Enjoy this new episode of In Other News.
Chess in the Park
The Philippines breathes chess history, thanks to its legendary grandmaster Eugenio Torre and the famous 1978 Karpov-Korchnoi world championship in Baguio City. It is also the native country of the top U.S. grandmaster Wesley So, who could still be found playing chess in Manila’s Rizal Park in 2012.
The South China Morning Post has a story about a special chess corner in that park, dubbed Chess Plaza, where another “legend” can be found playing every day: the 62-year-old Johnny Siong—alongside other players and 17 cats. The story reminds us that even in these modern times, our game is still often being played out in the open, and sometimes for a bit of money (“or just coffee!”—Siong) as well.
The Black and White Jungle
Besides a fun, hustling, money-making vehicle for players in the park, chess can be an escape as well—a getaway from the worries of the everyday life, or “my ineffable worries, mom’s inexplicable tears, the fragile stillness of our quiet apartment,” as Ethan Li writes in a lovely little essay that’s a finalist in NextShark’s personal essay contest for 2019.
Li, a first-year student at Princeton University, describes how chess got him through his parents’ divorce, a difficult time that started with his father suddenly returning to China without explanation.
“Chess became an elaborate escape for me,” he said. “During sleepless nights, I readily replaced opaque stares at the apartment ceiling with enchanting chess puzzles lit by a gentle desk light.”
You can read his essay here.
We’ve had Viktor Korchnoi losing to a cow, Garry Kasparov losing to a kid, Viswanathan Anand not being recognized and failing at cricket and Magnus Carlsen fighting demons and playing himself, the latter while promoting a Porsche car.
There’s a much bigger list that can be built of commercials where chess plays a role, and one can now be added.

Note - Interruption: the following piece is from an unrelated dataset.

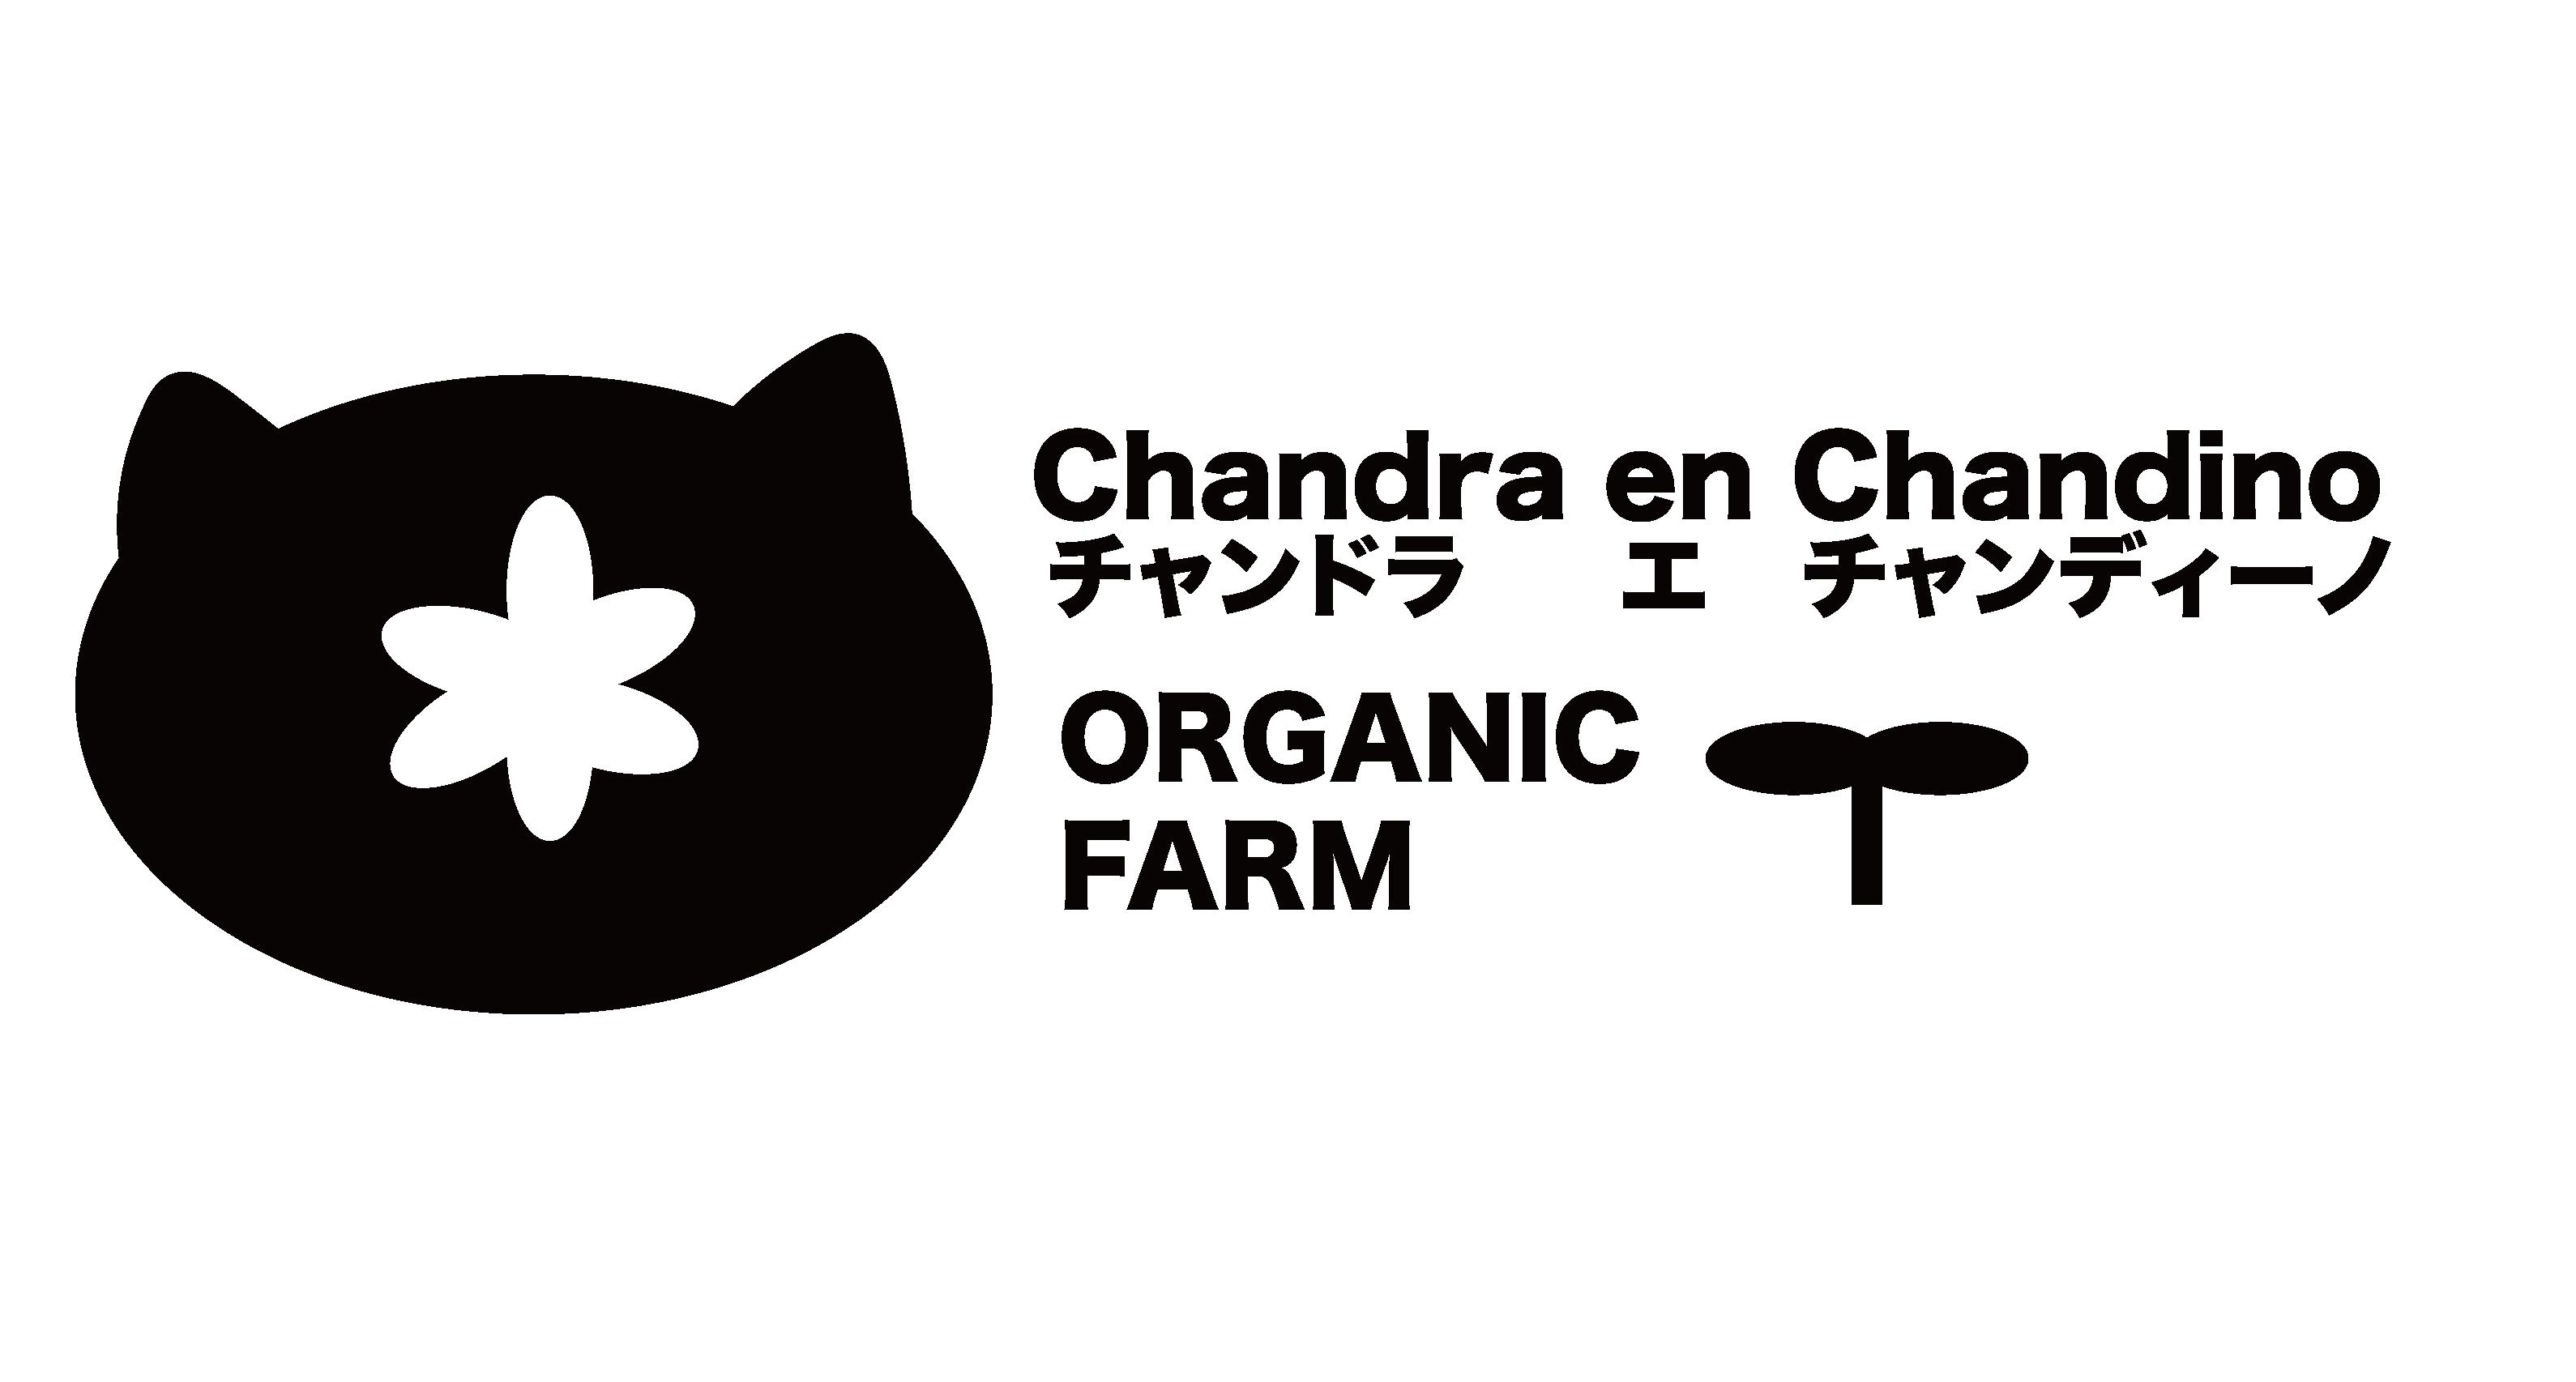 Chandra en Chandino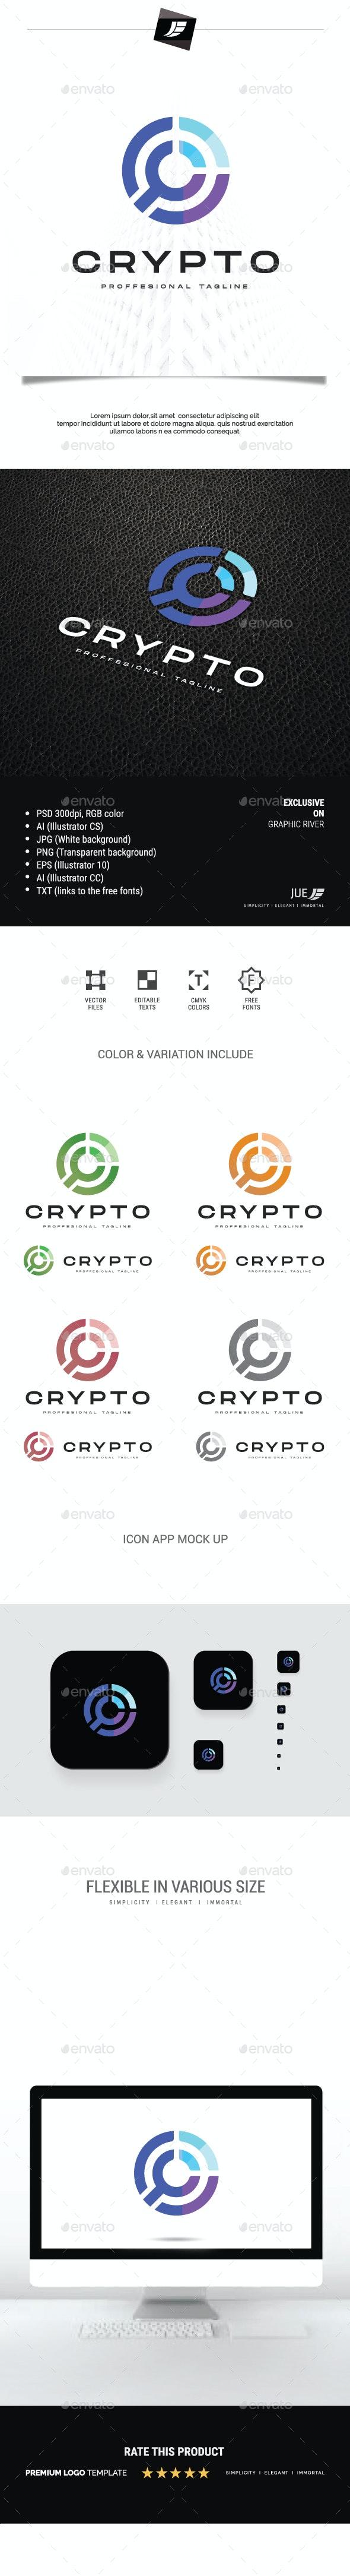 Letter C Crypto Finder Logo - Symbols Logo Templates

This time, the Italian grandmaster Daniele Vocaturo features in an ad that promotes the new Lamborghini LDVI: “Analyze to predict. Our new LDVI can anticipate the driver’s wishes just like Daniele Vocaturo, chess grandmaster and number-one ranked Italian player, does with his opponents’ moves.”
Chess is connected to just about any part of our culture, such as art, literature, advertisement (as mentioned above) and also cartoons. We’ve had our own cartoonist for a while, but this is about someone else: Tony Sullivan, a professional cartoonist who is publishing a book of chess cartoons next month titled Chess Peace.
Sullivan says he “brings the chess pieces to life and brings the viewer on a journey following the hilarious adventures of the chess pieces, both on and off the chessboard.”
“Back in the early 2000s I was doing a series of cartoons called The Bottom Line and I did a few chess cartoons,” said Sullivan. I was surprised at how popular they became. In the last year, I decided to publish a book of chess cartoons, originally called Chess Piece, and changed the name to Chess Peace. The reason for the name change is that I liked the notion of solving the troubles of the world by unifying the people worldwide through chess and humor. Although chess is a game of war, many of my cartoons are based off the chessboard when the pieces themselves are not in a state of war,” he said.
Sullivan: “The chess pieces lend well to humor in that you have a queen who’s the most powerful piece in a male-dominated society. The king is rather a nervous fellow after being chased around the chessboard for almost a thousand years and the pawns are disgruntled at being just pawns. This mix of characters makes for a huge opportunity for humor.”
You can find more about Sullivan’s cartoons here on Facebook.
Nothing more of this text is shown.